Macron’s hectoring, self-described “Jupiterian” style has gone down badly in Africa. His prejudiced description of Africa’s challenges as “civilisational” in July 2017, and his notorious statement that African women having seven or eight children was “destabilising” the continent, echoed his predecessor Nicolas Sarkozy’s racist speech in Dakar a decade earlier. At the recent summit in Nairobi, the French president crassly asked members of an African audience at a youth forum to keep quiet or leave the venue. Furthermore, at home, Macron’s administration  has often criminalised and brutalised African and Arab migrants and citizens. Railing against Islamic “separatism,” he successfully pushed a law to gain more control over Muslim schools and mosques.

Despite Macron’s grandstanding as a global leader, France is clearly no longer a great power. Its seat on the UN Security Council has become an anachronism. It is now the seventh largest economy in the world behind China, Japan, and India. France’s national debt at €3.46 trillion, is equivalent to a staggering 115.6 per cent of its Gross Domestic Product (GDP), and remains one of the highest in the world. French aid has further massively declined to €3.5 billion this year: a staggering 77 per cent reduction from the €15.3 billion in 2022.

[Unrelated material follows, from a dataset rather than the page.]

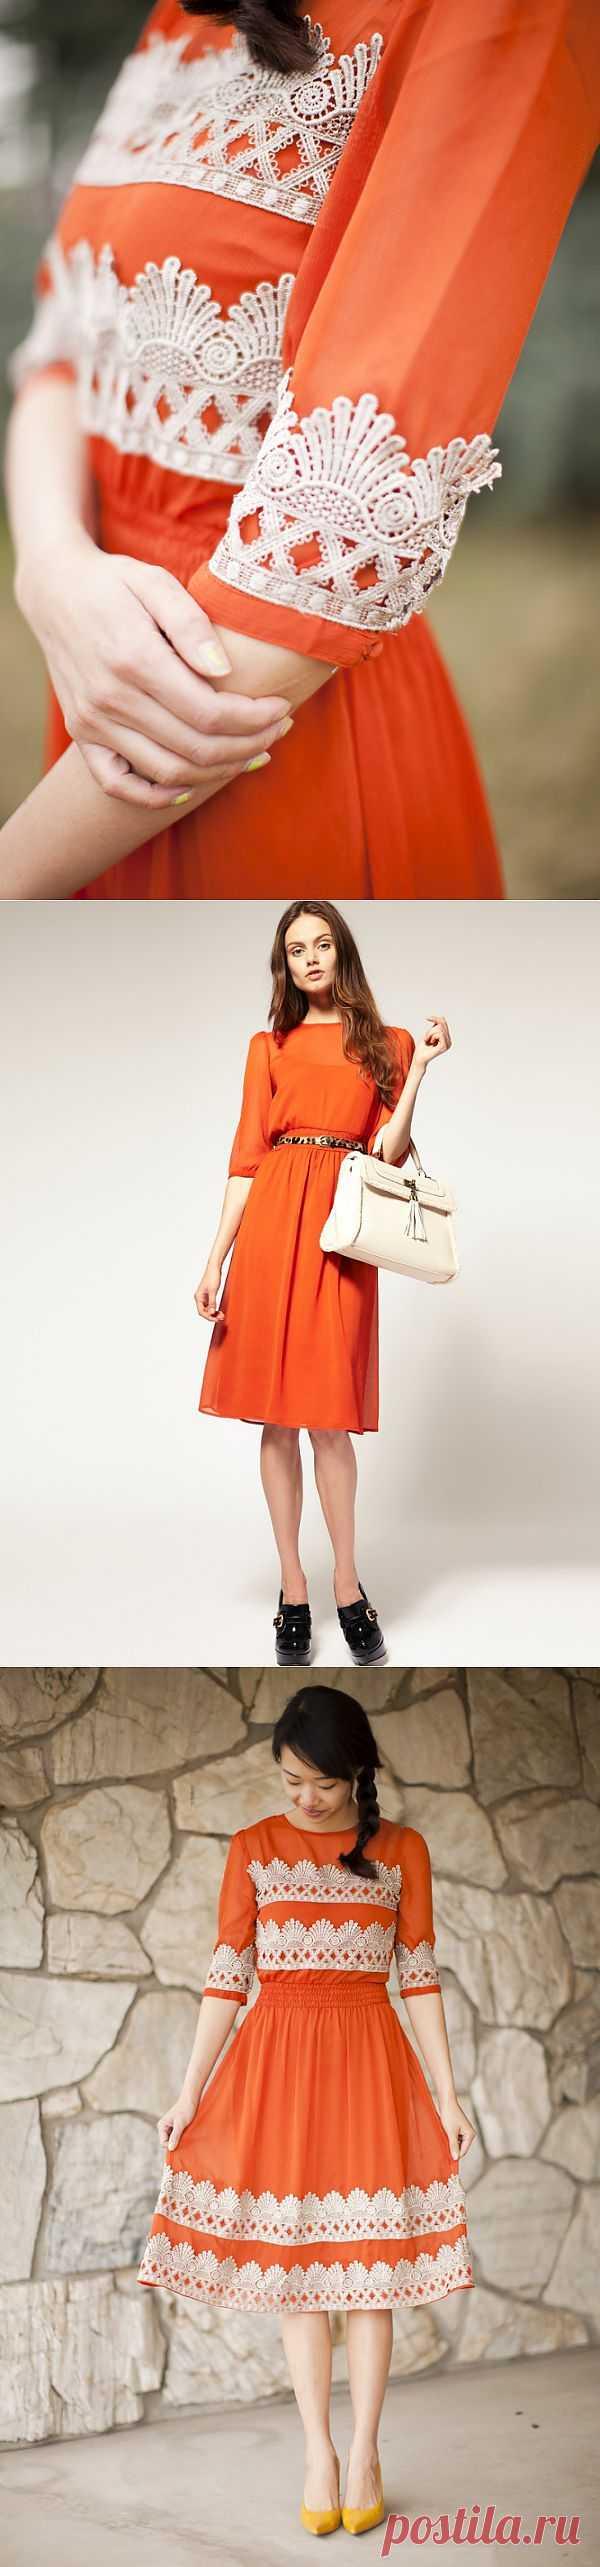 Декор платья кружевом / Платья Diy / Модный сайт о стильной переделке одежды и интерьера

The €23 billion pledge that Macron grandiosely announced at last month’s Franco-African summit in Nairobi, therefore unsurprisingly envisaged €14 billion to be delivered by the French private sector, and €9 billion from its African partners. Paris clearly can no longer afford its historical neo-colonialism, and has sought, in recent times, to get the United Nations (UN) and the European Union (EU) to stump up the cash to subsidise its African military adventures.  Macron is already a lame duck and deeply unpopular president who has a year left in office. It is highly unlikely that he can bind any successors – particularly Marine Le Pen’s poll-leading racist, far-right National Rally – to such quixotic promises.

The recent Franco-African summit glaringly exposed Macron’s continuing folie de grandeur (delusions of grandeur). Under his presidency, Paris  has continued a politique de grandeur (politics of grandeur) in which a country in perpetual decline has pretended to be a great power.

Sensing growing Gallic weakness, before the summit, Macron lashed out at China – its seventh largest trading partner –  describing Beijing as an “economic predator” in Africa, while portraying Russian military assistance to its former Gallic pré carré (backyard) in the Sahel, Central African Republic, and Madagascar, as a direct threat to its own interests.

Amidst an ignominious rejection of French tutelage across the continent, the French president has disingenuously sought to sell the necessity of finding new African allies as a foresighted strategy. Macron’s decade in power has, however, clearly accelerated the demise of the discredited Gallic gendarme (policeman) in Africa.

Professor Adebajo is a Senior Research Fellow at the University of Pretoria’s Centre for the Advancement of Scholarship in South Africa.